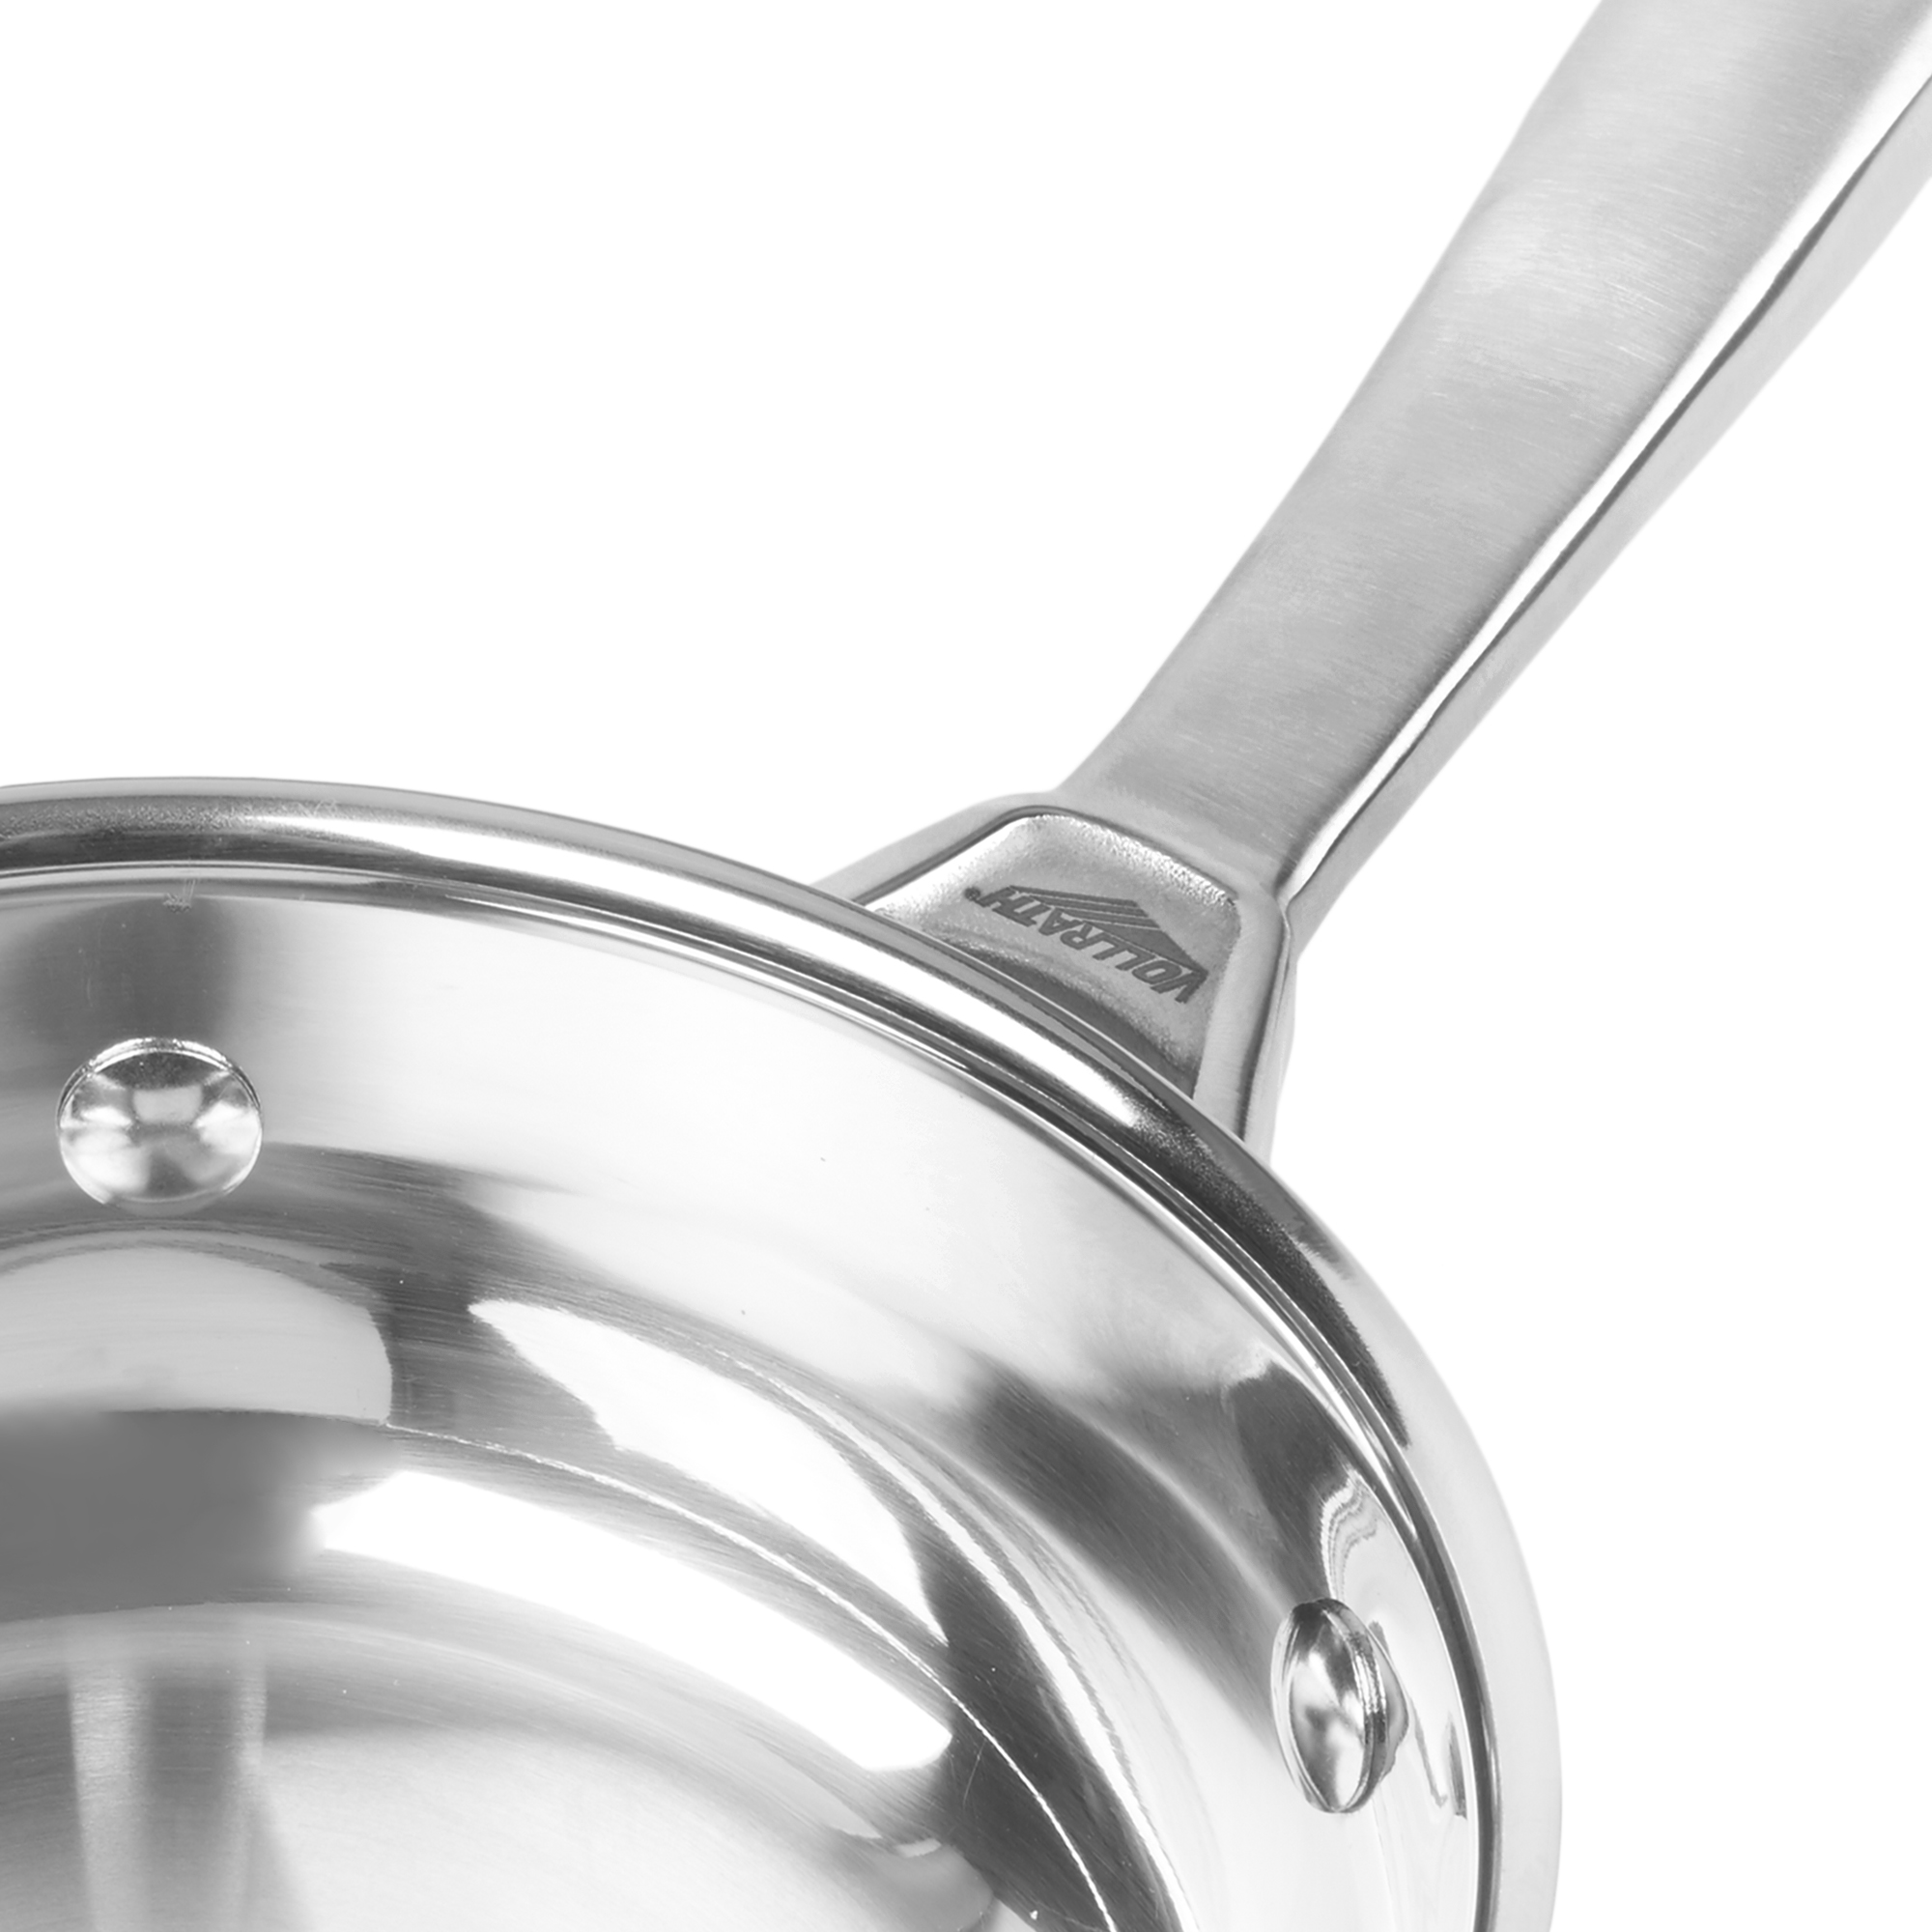 1-quart Intrigue® stainless steel saucier in mirror finish
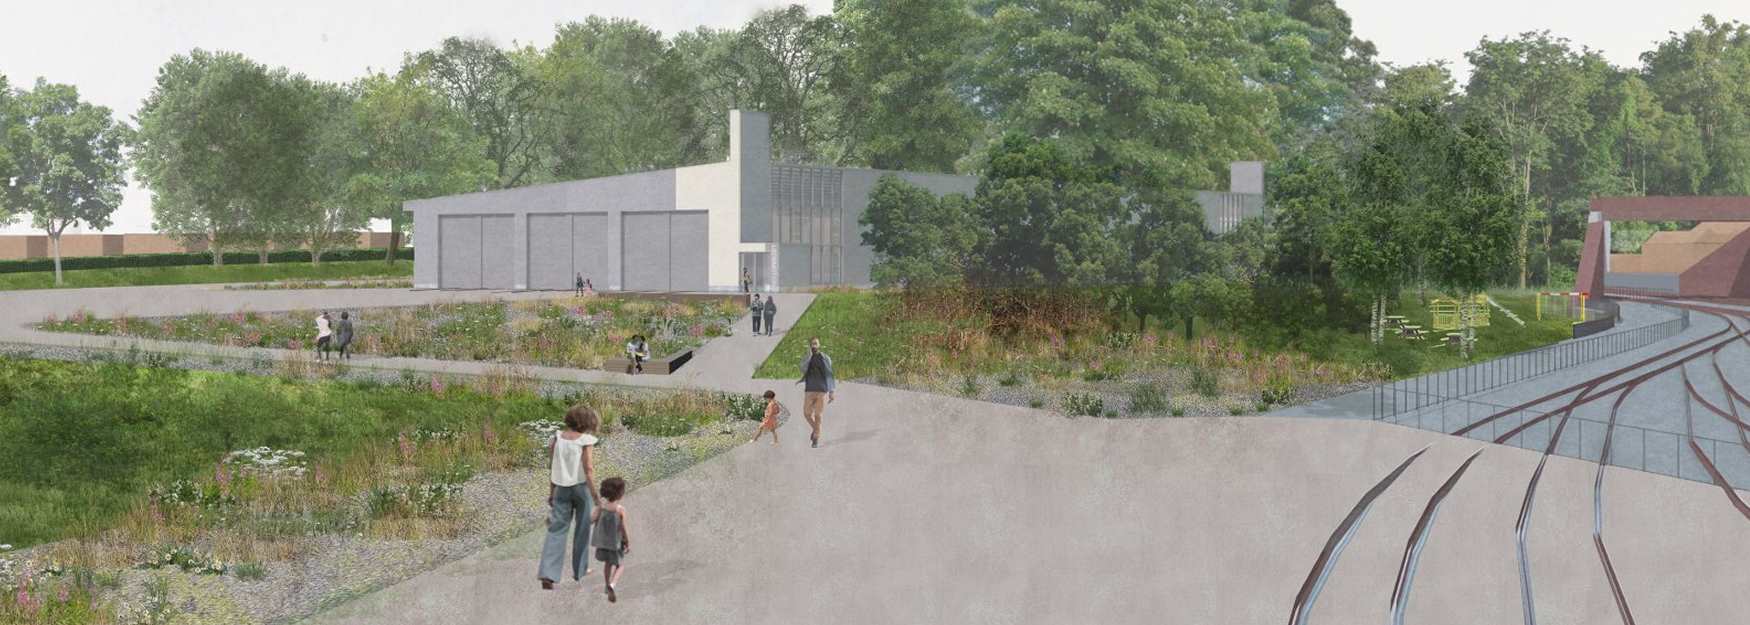 An illustration of what the new hall at Locomotion will look like
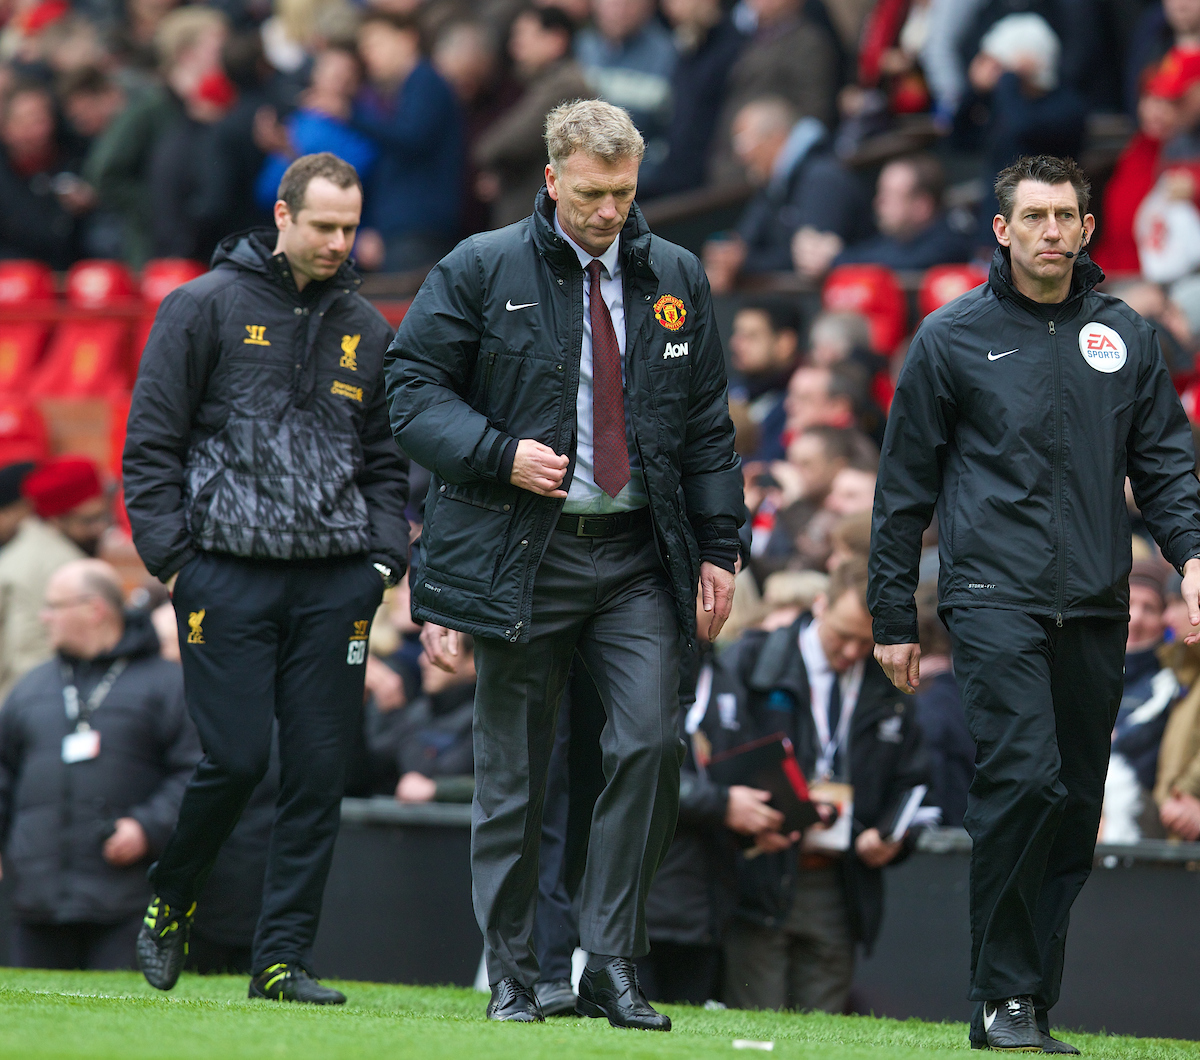 MANCHESTER, ENGLAND - Sunday, March 16, 2014: Manchester United's manager David Moyes looks dejected at half time during the Premiership match against Liverpool at Old Trafford. (Pic by David Rawcliffe/Propaganda)
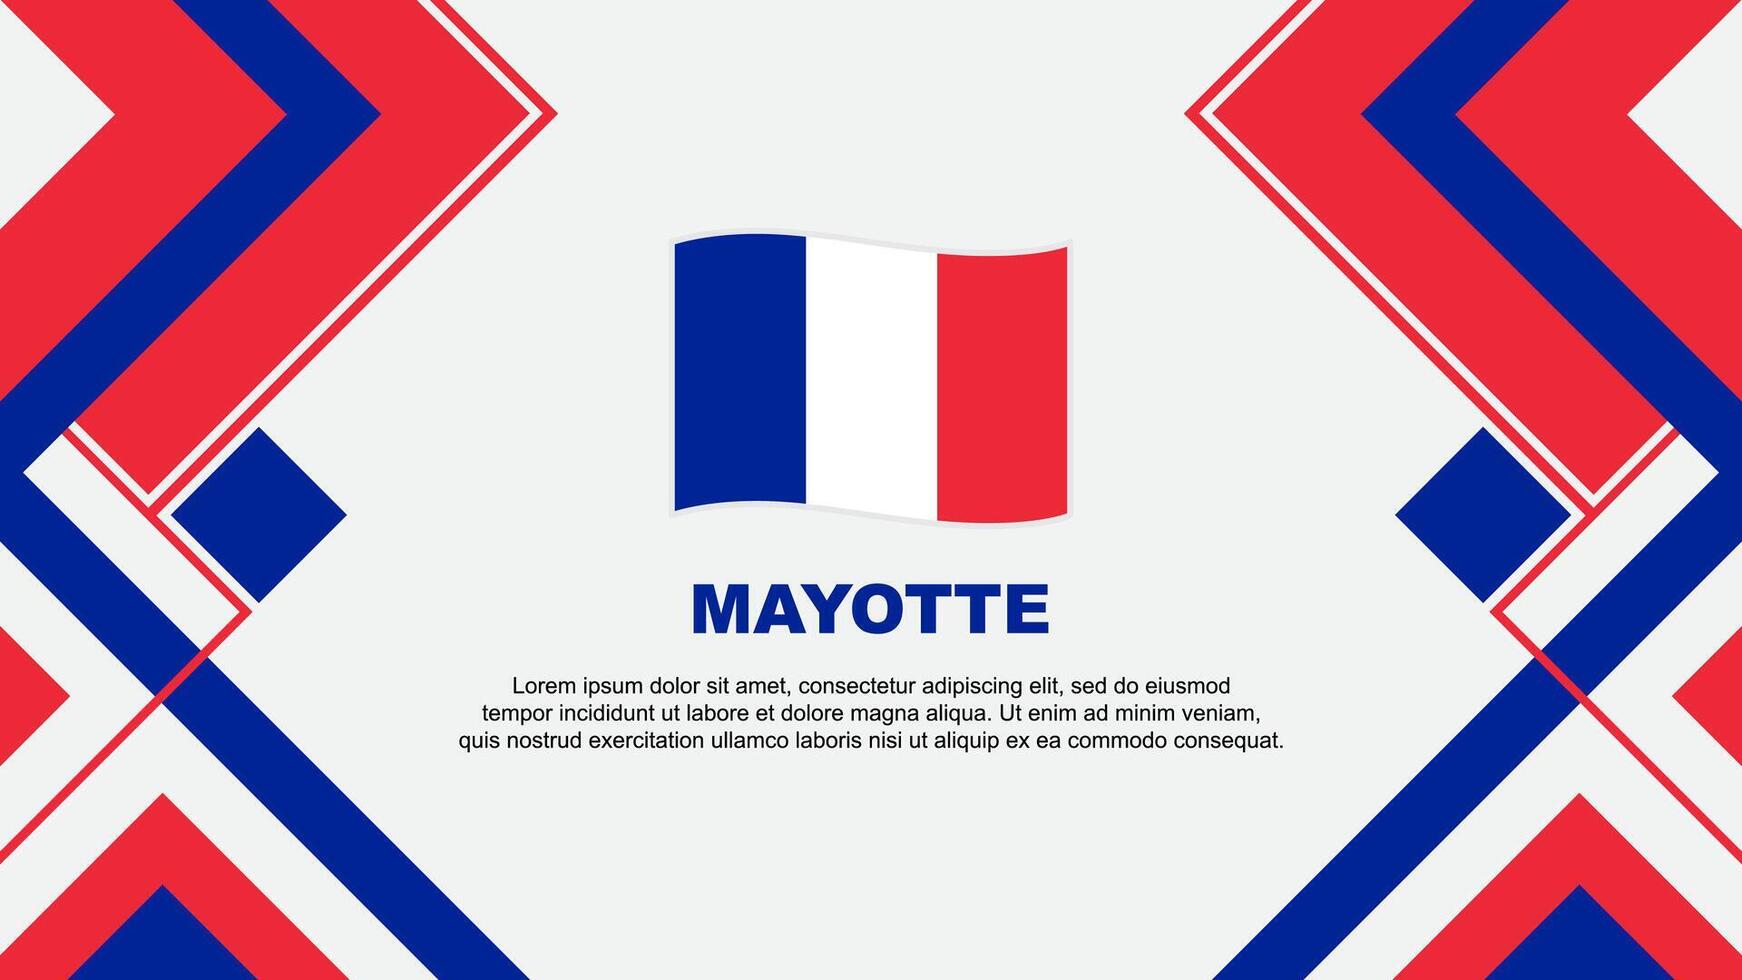 Mayotte Flag Abstract Background Design Template. Mayotte Independence Day Banner Wallpaper Vector Illustration. Banner
━━━━━━━━━━━━━━━━━━━━
• EXERCISE GOAL: A word-for-word copy of the material is required; pictures stay out of it.

• OUTPUT FOR THIS EXERCISE:
 1-quart Intrigue® stainless steel saucier in mirror finish
 An illustration of what the new hall at Locomotion will look like
 MANCHESTER, ENGLAND - Sunday, March 16, 2014: Manchester United's manager David Moyes looks dejected at half time during the Premiership match against Liverpool at Old Trafford. (Pic by David Rawcliffe/Propaganda)
 Mayotte Flag Abstract Background Design Template. Mayotte Independence Day Banner Wallpaper Vector Illustration. Banner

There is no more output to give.